Gary Davis

No. 27, 28
- Position: Running back

Personal information
- Born: September 7, 1954 (age 71) Los Angeles, California, U.S.
- Listed height: 5 ft 10 in (1.78 m)
- Listed weight: 202 lb (92 kg)

Career information
- High school: Garey (Pomona, California)
- College: Cal Poly
- NFL draft: 1976: 6th round, 174th overall pick

Career history
- Miami Dolphins (1976–1979); Tampa Bay Buccaneers (1980–1981); Cleveland Browns (1981);

Career NFL statistics
- Rushing attempts: 324
- Rushing yards: 1,410
- Rushing TDs: 7
- Stats at Pro Football Reference

= Gary Davis (American football) =

American football player (born 1954)

Gary Curtis Davis (born September 7, 1954) is an American former professional football player who was a running back in the National Football League (NFL). He was selected by the Miami Dolphins in the sixth round of the 1976 NFL draft and also played for the Tampa Bay Buccaneers and Cleveland Browns. He played college football for the Cal Poly Mustangs.

== College career ==
At Cal Poly, Davis led the California Collegiate Athletic Association in rushing yardage as a junior and senior, and was selected for All-CCAA accolades twice. He majored in social sciences. In his final season of 1975, Davis also was chosen for United Press International 'Little All-Coast Team' status.
===Statistics===

College statistics
| Season | Rush att. | Rush yds. | Avg. | LG | Rush.

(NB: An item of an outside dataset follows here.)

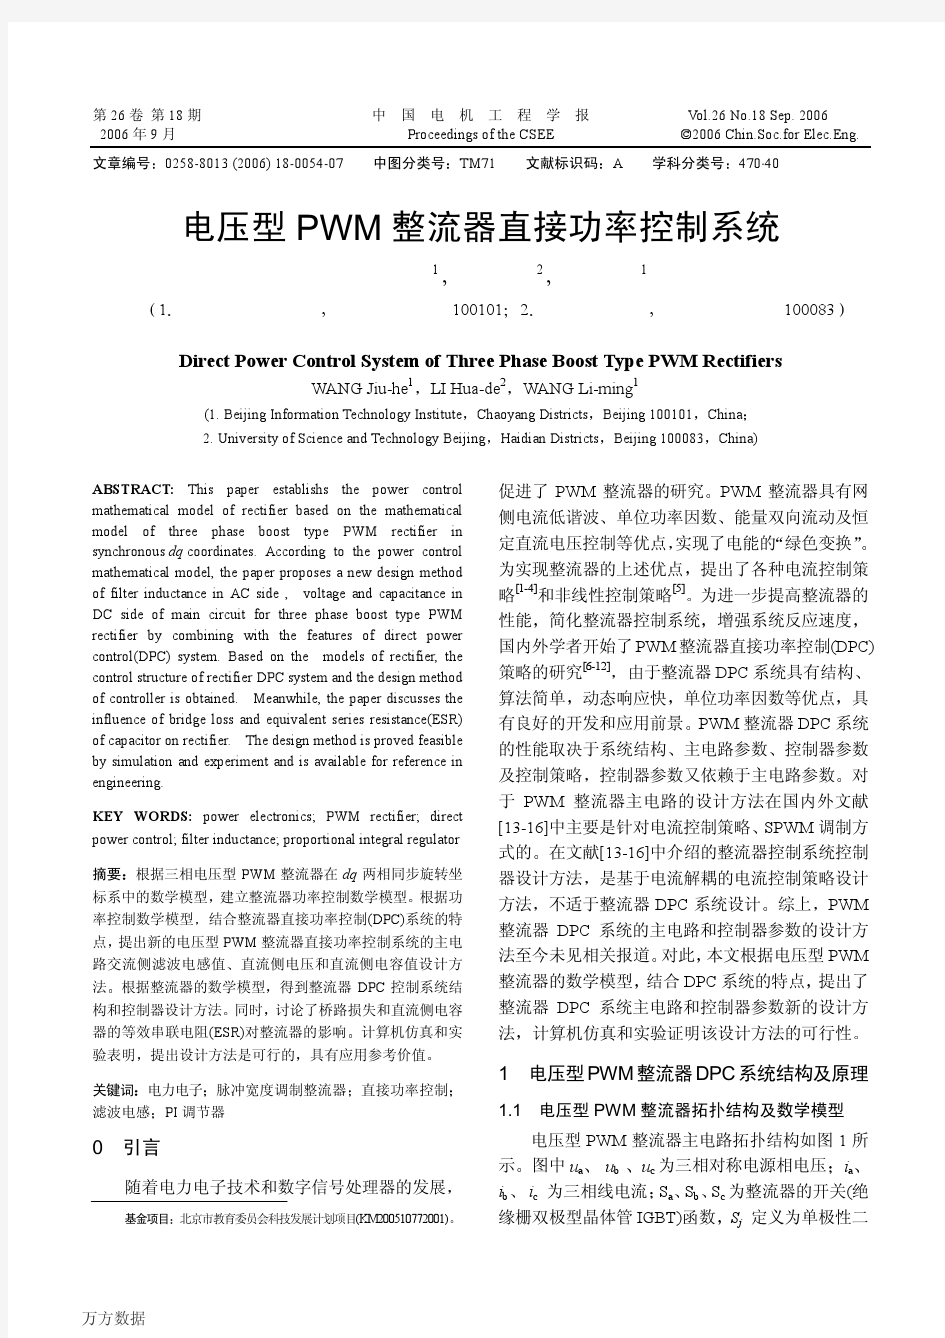 电压型PWM整流器直接功率控制系统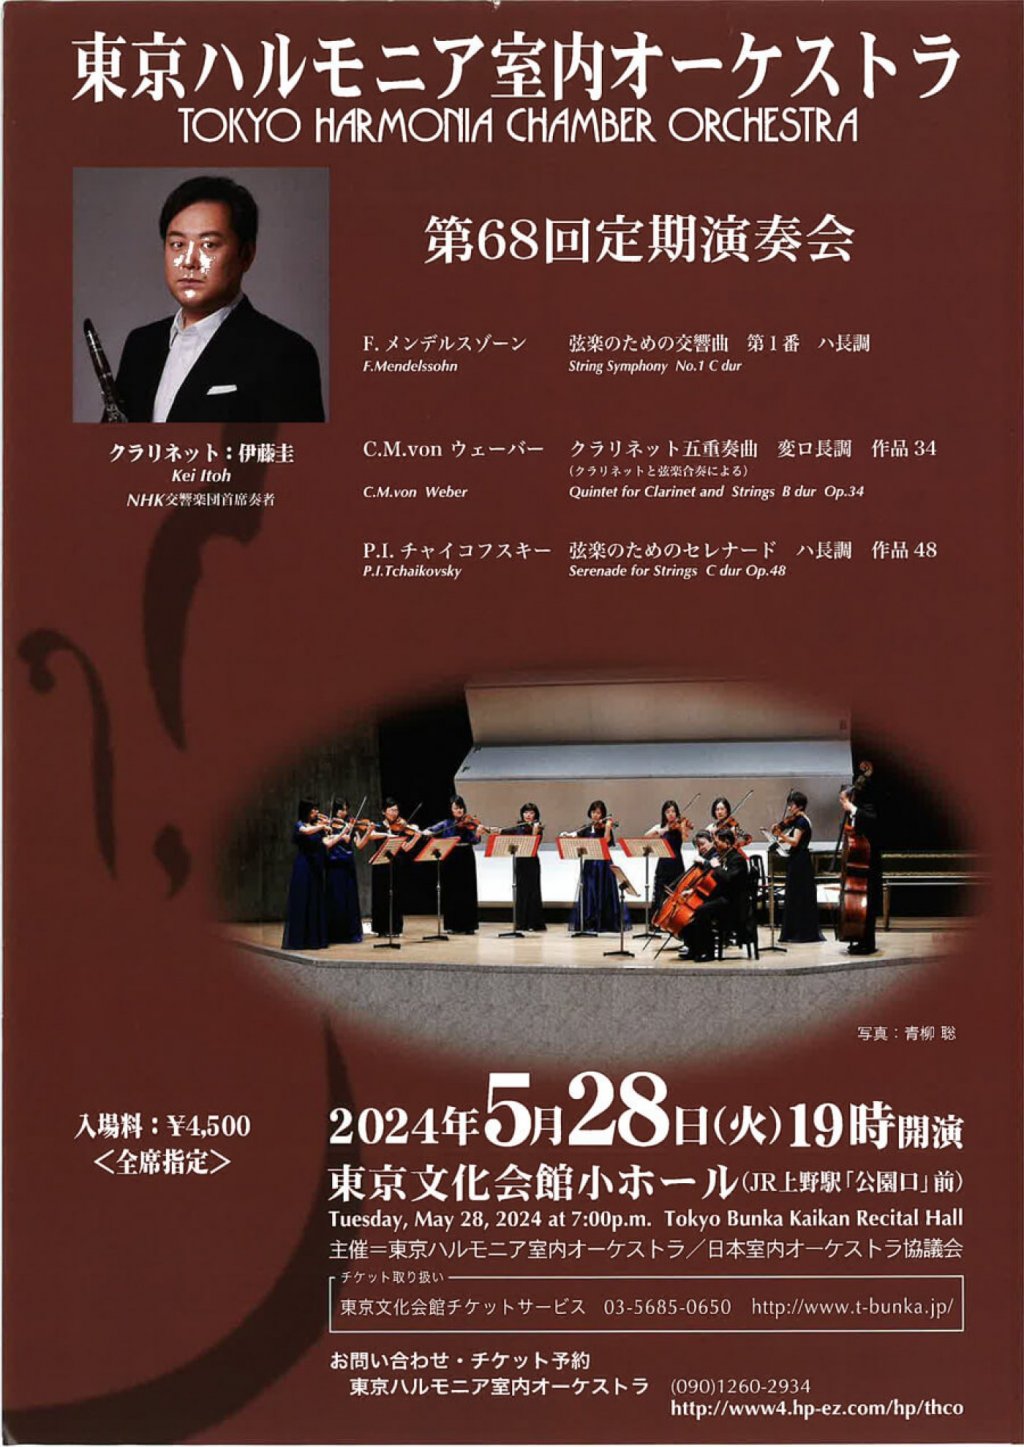 東京ハルモニア室内オーケストラ TOKYO HARMONIA CHAMBER ORCHESTRA 第68回定期演奏会

TD |
|---|---|---|---|---|---|
| 1973 (So.) | 69 | 244 | 3.5 | n/a | 4 |
| 1974 (Jr.) | 167 | 880 | 5.3 | 53 | 10 |
| 1975 (Sr.) | 264 | 1,244 | 4.7 | 61 | 15 |
| Totals | 500 | 2,368 | 4.7 | 61 | 29 |

== Professional career ==
Davis ranks third all-time in Miami Dolphins history for single-season kickoff return average, averaging 29.6 yards per return in 1977.

In August 2022, Sports Illustrated ranked Davis as the third-greatest Dolphin to ever wear jersey number 27.